» LISTED RECORDS
=-=-=-=-=

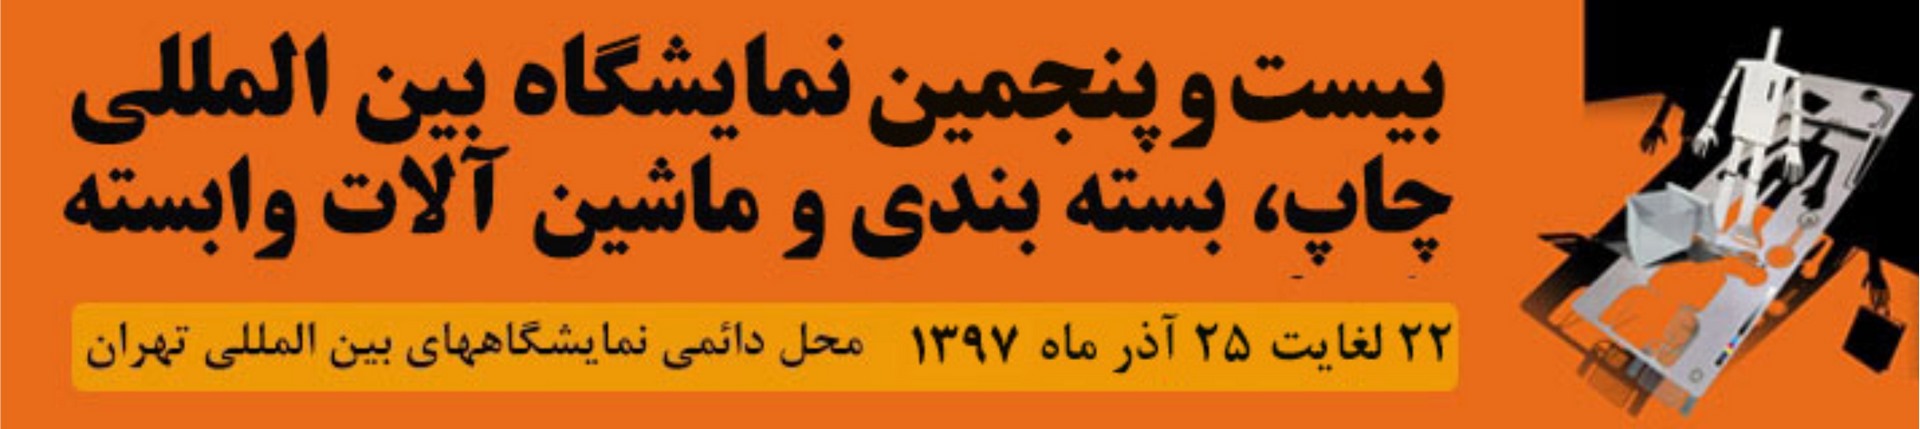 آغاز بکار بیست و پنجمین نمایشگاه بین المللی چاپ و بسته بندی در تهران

=-=-=-=-=

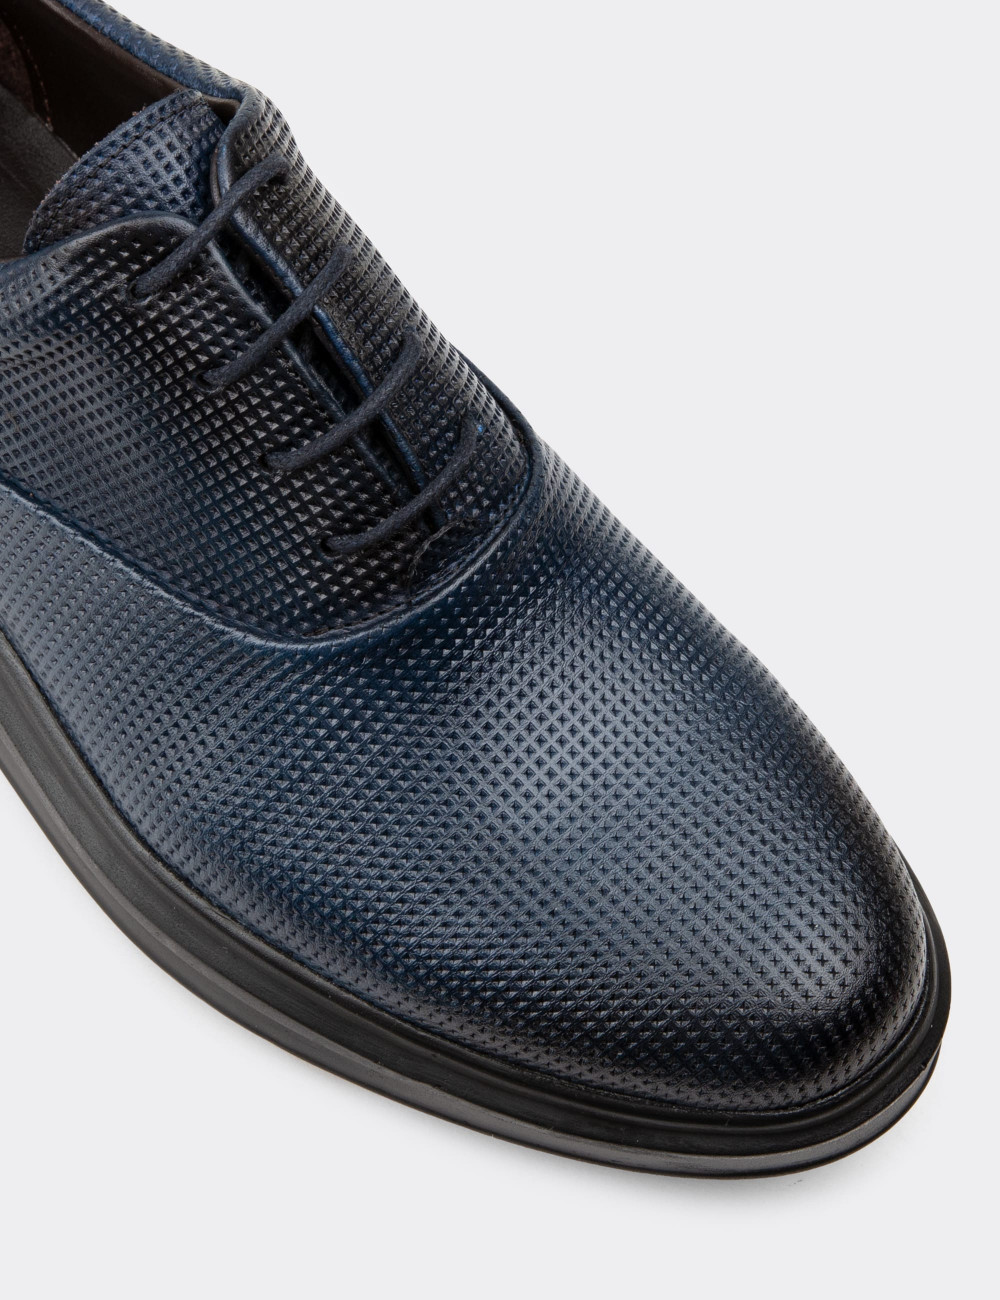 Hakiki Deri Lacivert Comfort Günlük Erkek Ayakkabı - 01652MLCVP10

=-=-=-=-=

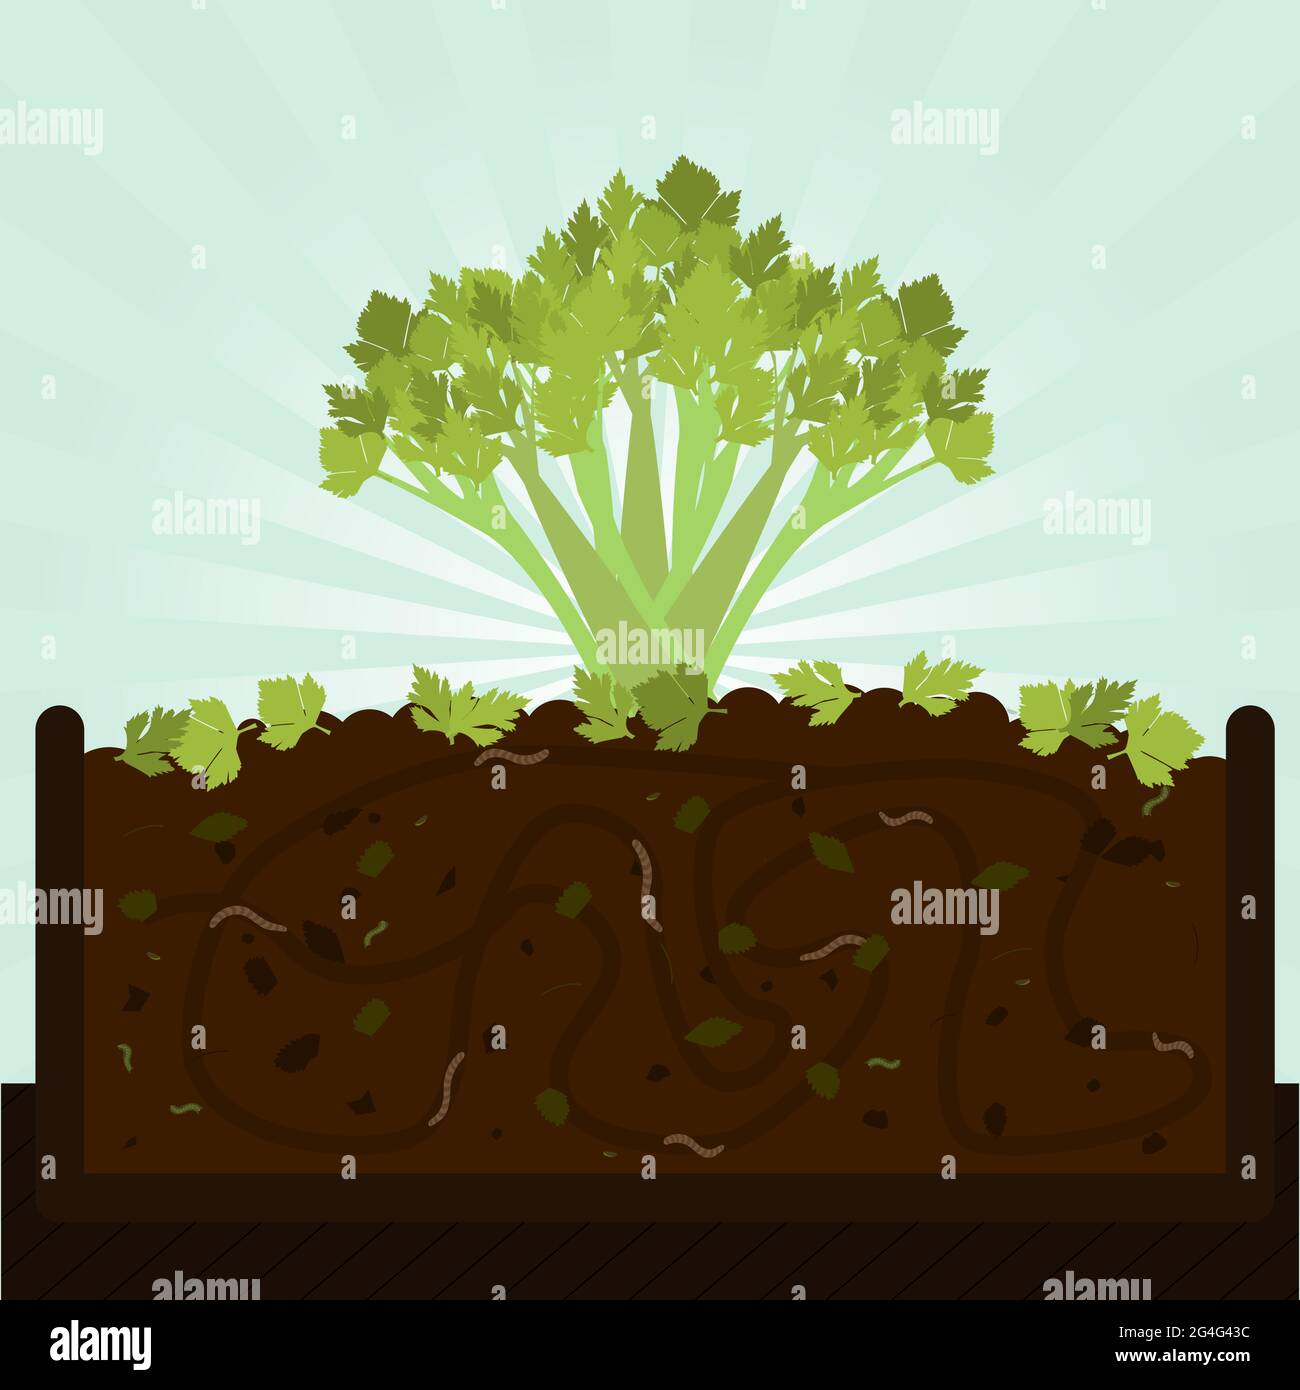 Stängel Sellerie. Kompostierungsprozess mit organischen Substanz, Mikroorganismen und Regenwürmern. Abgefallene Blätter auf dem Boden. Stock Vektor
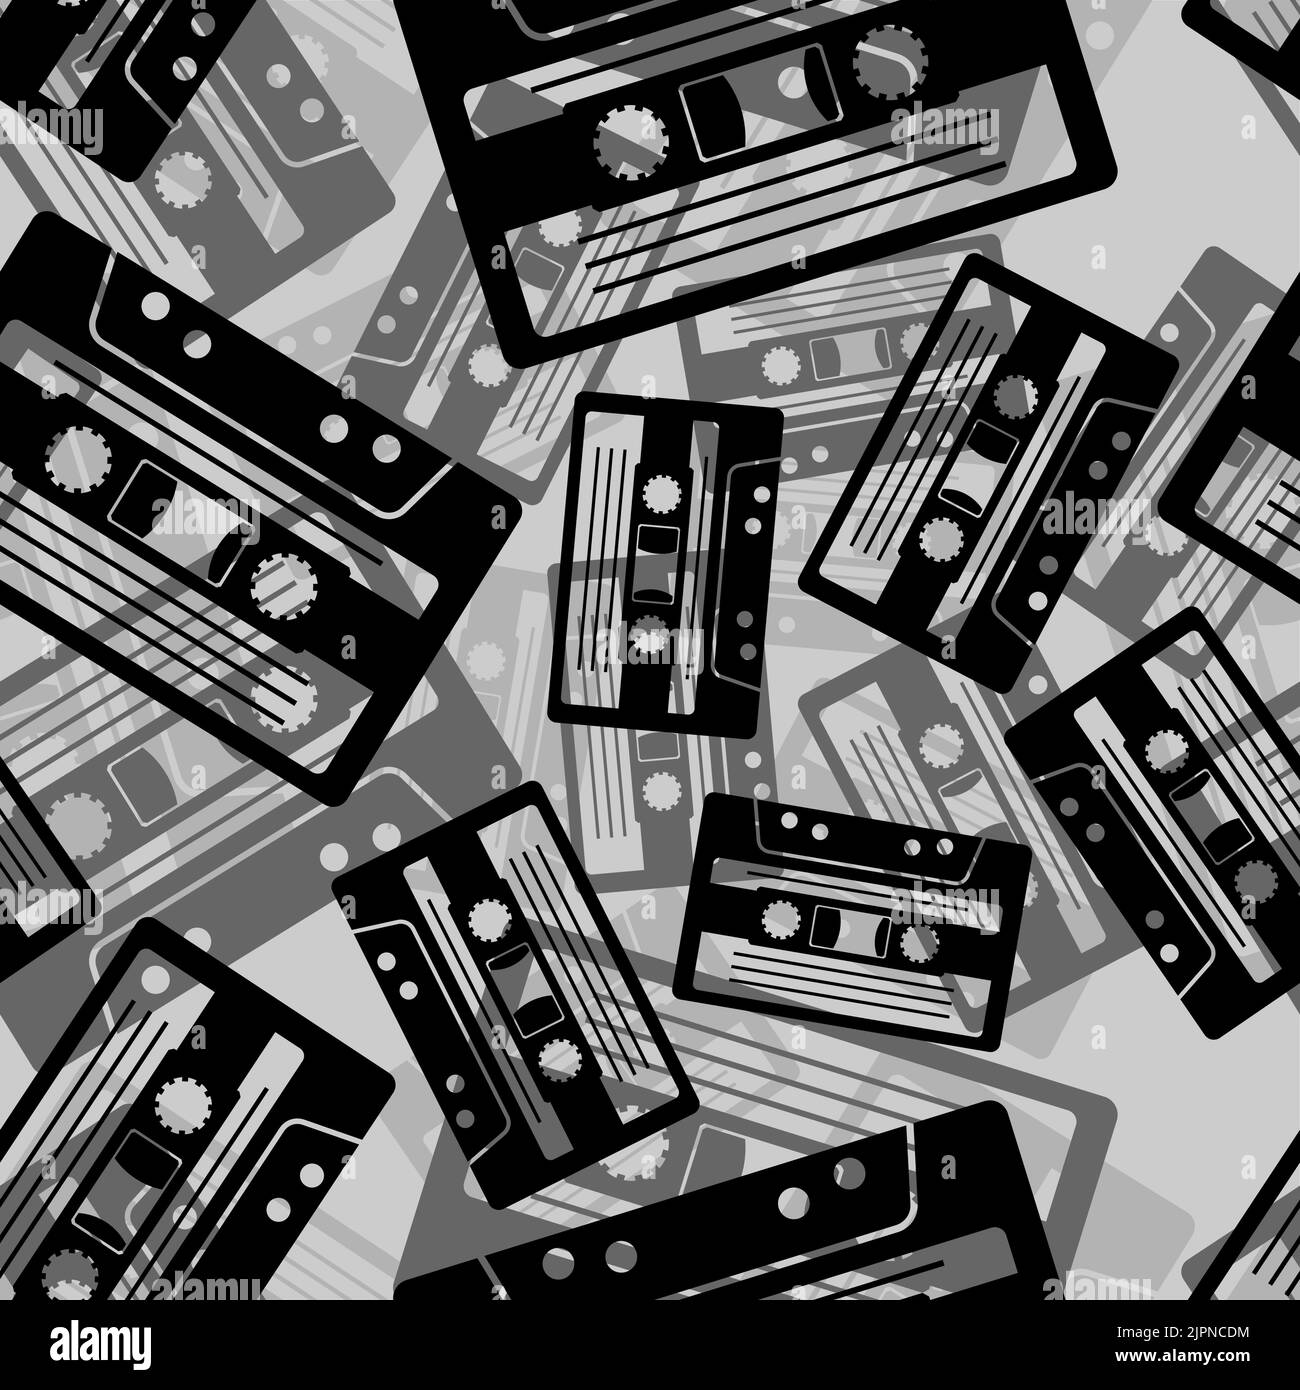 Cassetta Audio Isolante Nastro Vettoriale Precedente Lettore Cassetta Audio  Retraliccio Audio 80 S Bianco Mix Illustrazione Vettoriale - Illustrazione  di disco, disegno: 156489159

=-=-=-=-=

» PROBLEM
A clean copy is needed of the lines above from the one with "Stängel Sellerie. Kompostierungsprozess" up to and including the one with "Cassetta Audio Isolante". Please set it down exactly, with no pictures.

» RESULT OF THIS TASK
 Stängel Sellerie. Kompostierungsprozess mit organischen Substanz, Mikroorganismen und Regenwürmern. Abgefallene Blätter auf dem Boden. Stock Vektor
 Cassetta Audio Isolante Nastro Vettoriale Precedente Lettore Cassetta Audio  Retraliccio Audio 80 S Bianco Mix Illustrazione Vettoriale - Illustrazione  di disco, disegno: 156489159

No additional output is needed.